Curated by RSF Research Staff
Study reveals surprising find in cephalopod species
In the expanded evolutionary synthesis -- an update of Darwinian theory -- it is understood that evolutionary changes can occur via epigenetic mechanisms. That is, changes in gene expression without altering the specific underlying nucleotide sequence of loci in the genome.
One such remarkable method is known as RNA-editing, a post-transcriptional process that allows the diversification of proteomes beyond what is encoded in the genome. Ribonucleic acid (RNA) is the hydroxylated form of DNA (deoxyribonucleic acid), and functions as the intermediary messenger of genomic information, as well as an enzymatic catalyst.

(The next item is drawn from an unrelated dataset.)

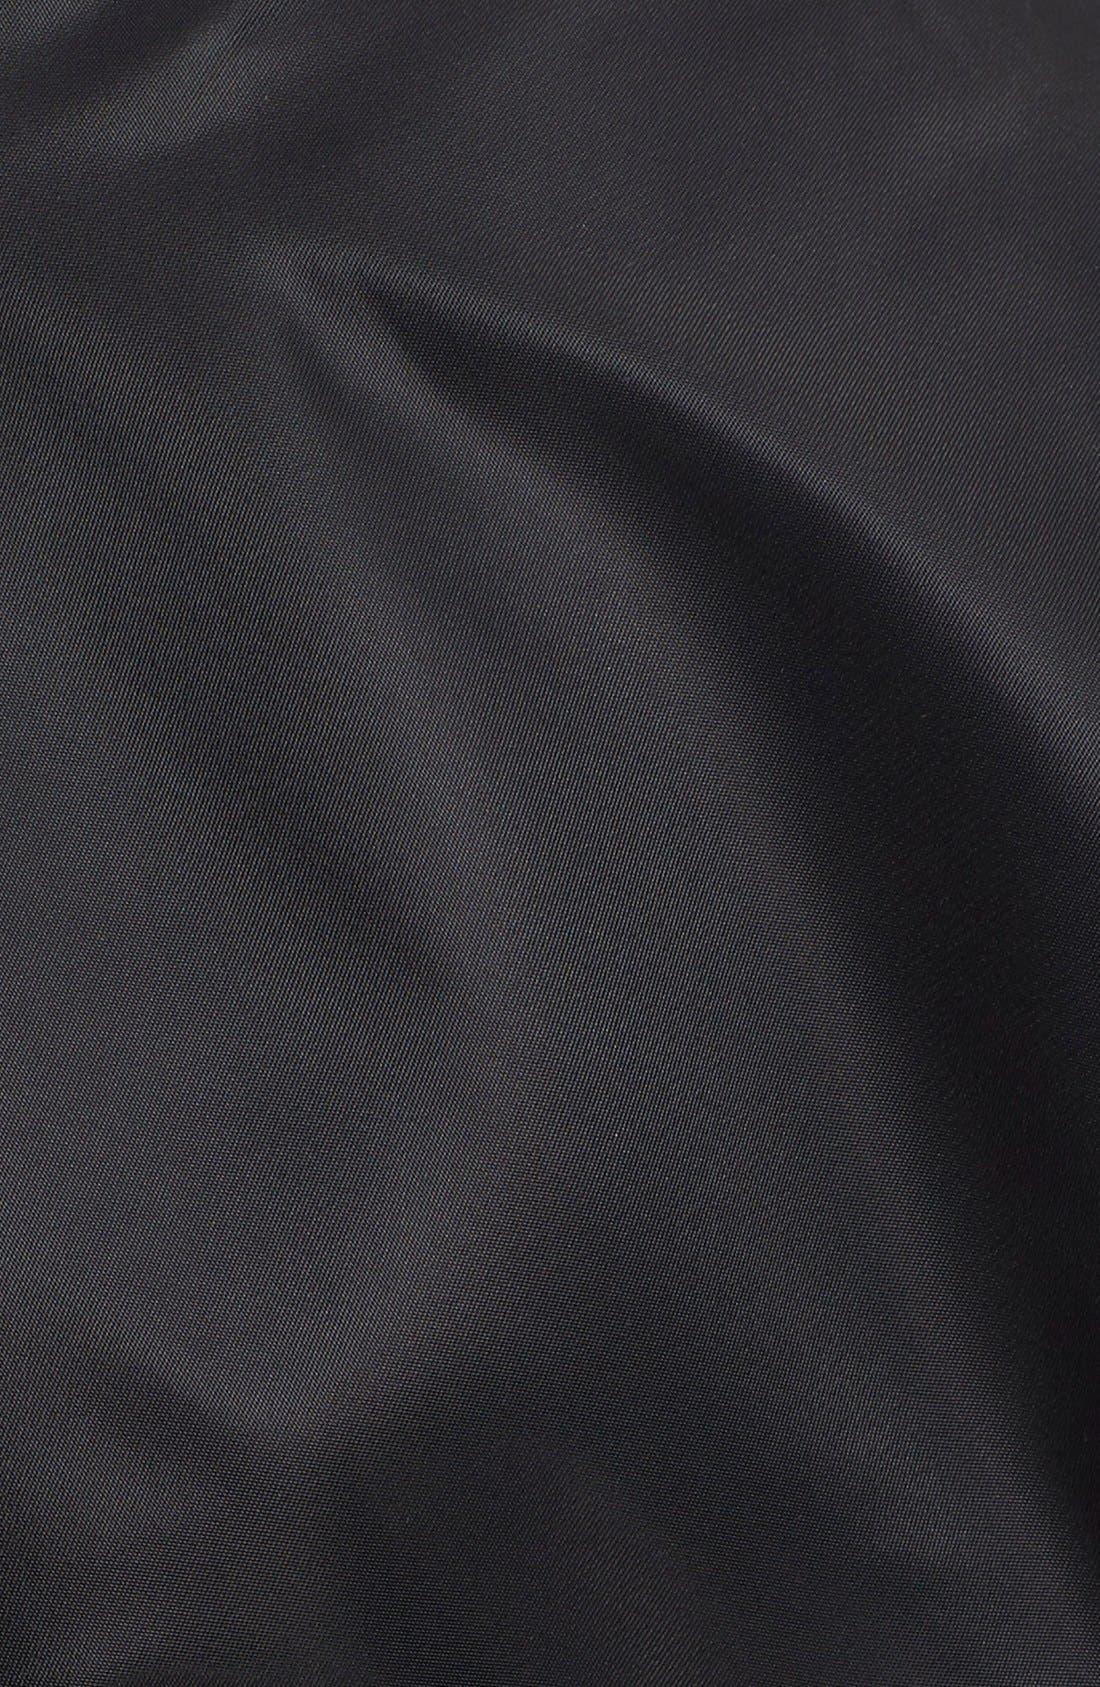 Alternate Image 3  - Vetements Nylon Bomber Jacket

Genetic information, encoded in the DNA base-pair sequence, is transcribed into messenger RNA and the RNA transcripts, newly transcribed from the gene loci of the genome, are modified before being translated into functional and structural proteins. Normally, this alteration of the RNA transcript does not change its faithful correspondence with the genetic information encoded in the DNA. However, in RNA-editing, the nucleotide bases are changed to non-canonical forms, such as converting adenine into inosine, which is then read differently than the original transcript -- producing a novel gene product.

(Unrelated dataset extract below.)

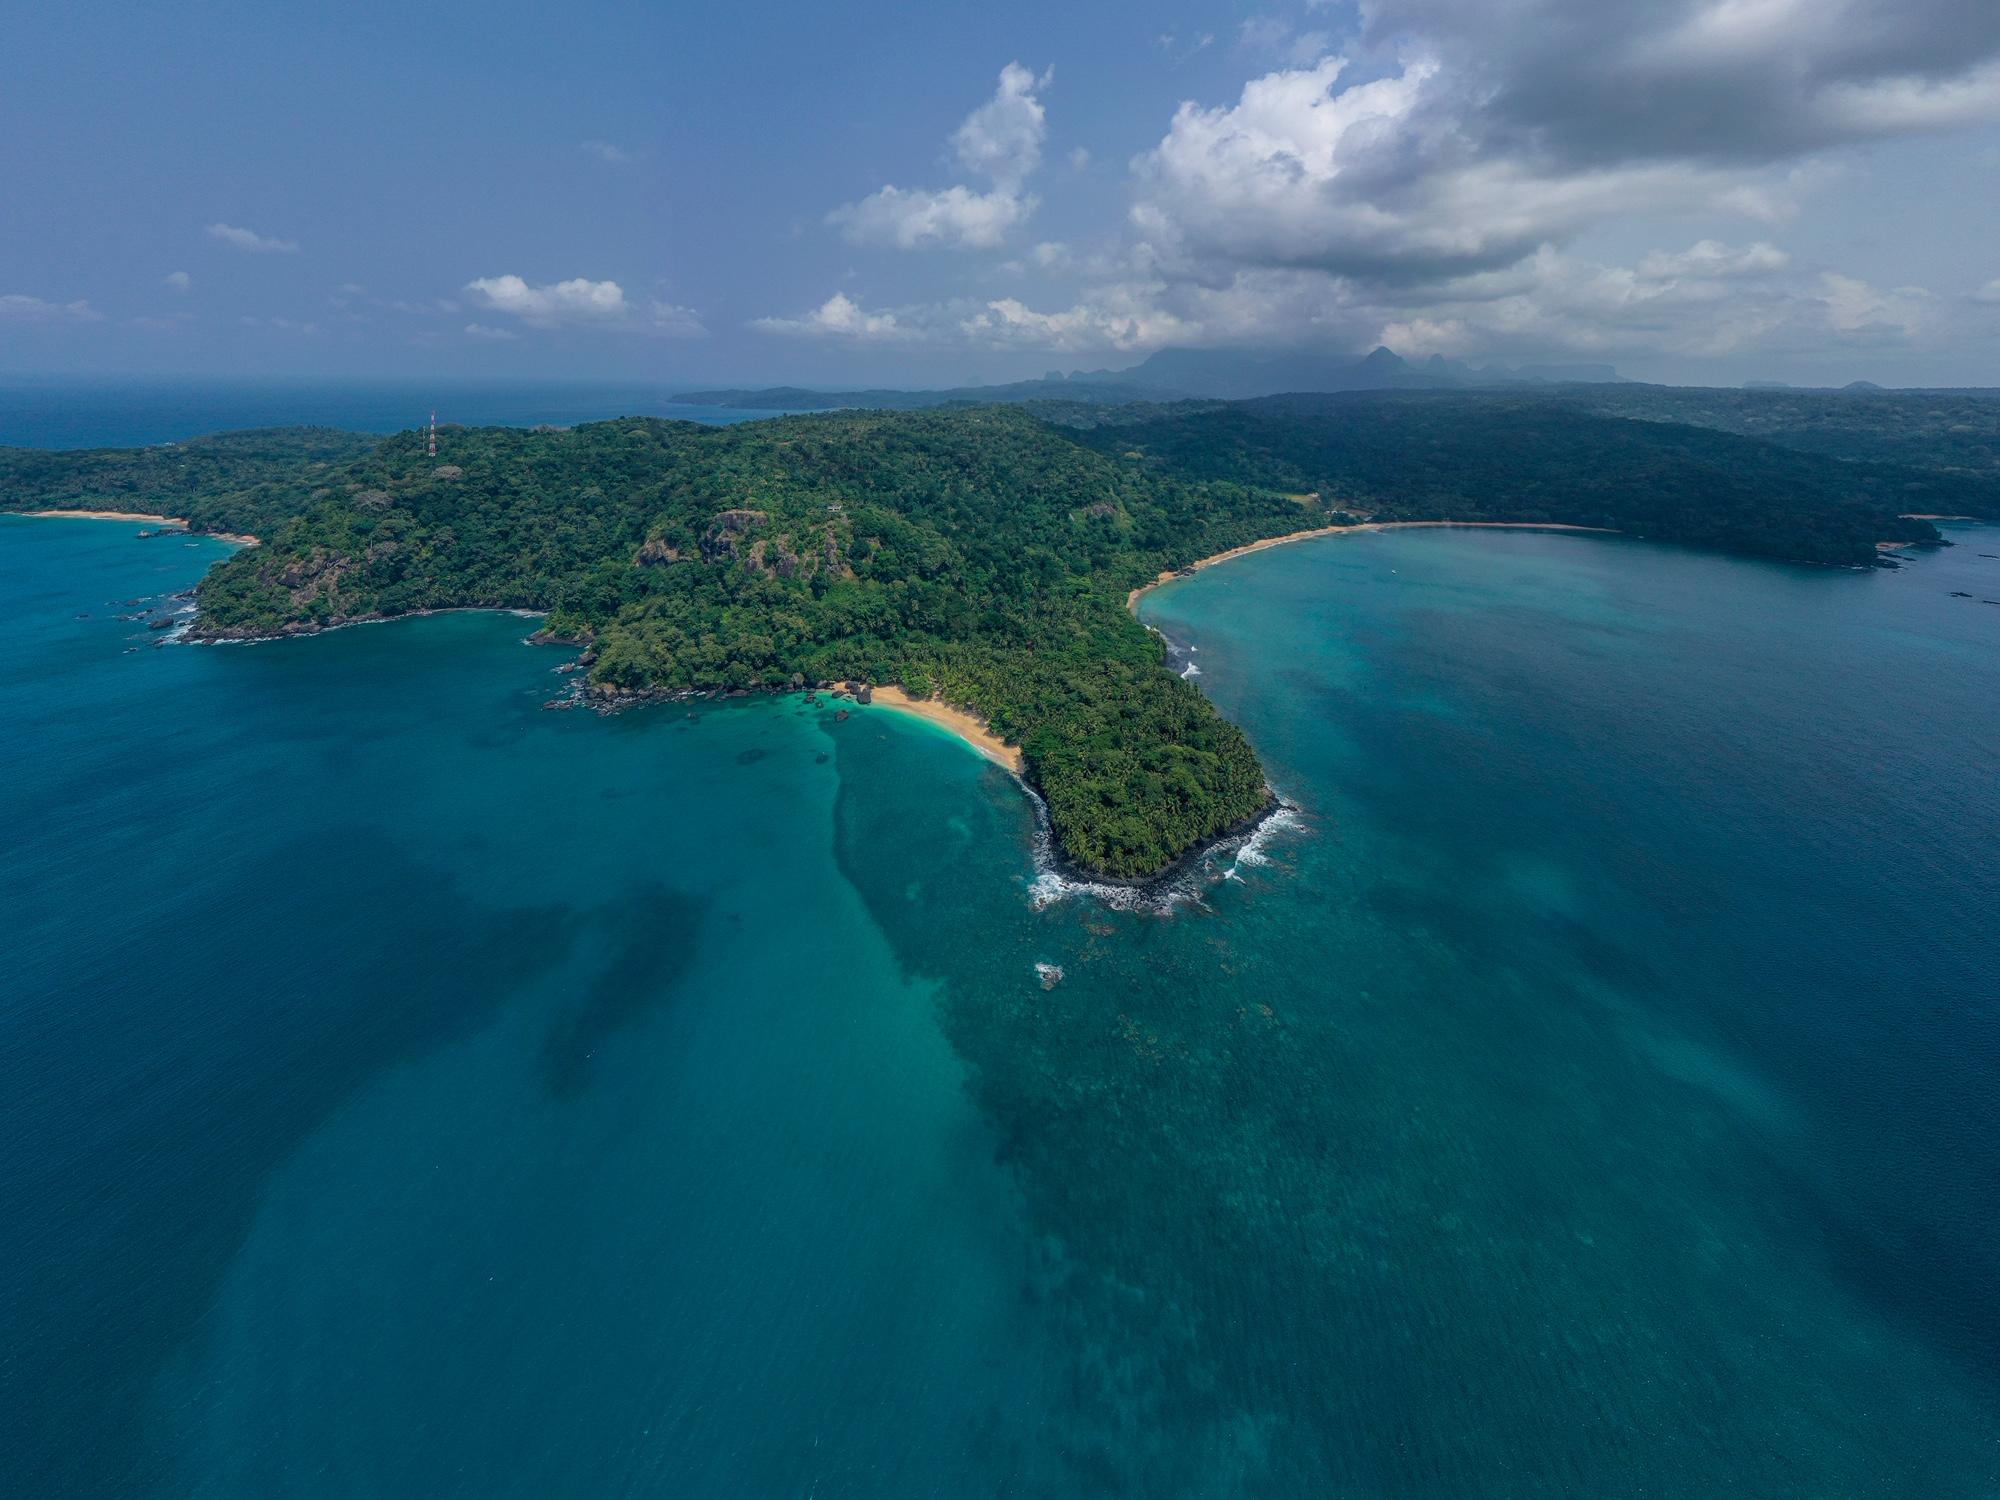 Vista aérea da ilha do Príncipe.  Photo credits  @fredericovanzeller

There are a large host of potential RNA alterations that can take place: in our manuscript The Unified Spacememory Network we discuss the 100-plus naturally occurring nucleotides and how they factor into the evolutionary emergence of the first molecular replicators.
Moreover, there are numerous ways in which such epigenetic editing can take place, and it is often mediated by transposons. Transposons are genetic elements that are foreign DNA introduced into host genomes, often via retroviral gene insertion. The human genome contains hundreds of thousands of such inserts that completely shape the transcriptome landscape.
In a recent study, it was found that cephalopod species utilize such mechanisms to a remarkable degree. Scientists discovered that more than 60 per cent of RNA transcripts in the squid brain are re-coded by editing. In most other animals such re-coding events only occur a fraction of the time. Similar high levels of RNA editing were identified in three other “smart” cephalopod species, two octopuses and one cuttlefish -- confirming their reputation as "Earth-bound aliens".
Such epigenetic mechanisms can allow species that utilize it, like humans and cephalopods, to change the neuronal wiring of the brain. The mobile genetic elements direct somatic nuclear recombination, which drives neuronal genetic diversity in the host organism. Such neuronal plasticity, down to the genetic level, could be a central evolutionary driving mechanism giving rise to the relatively large brains observed in humans, cephalopods, and other key species.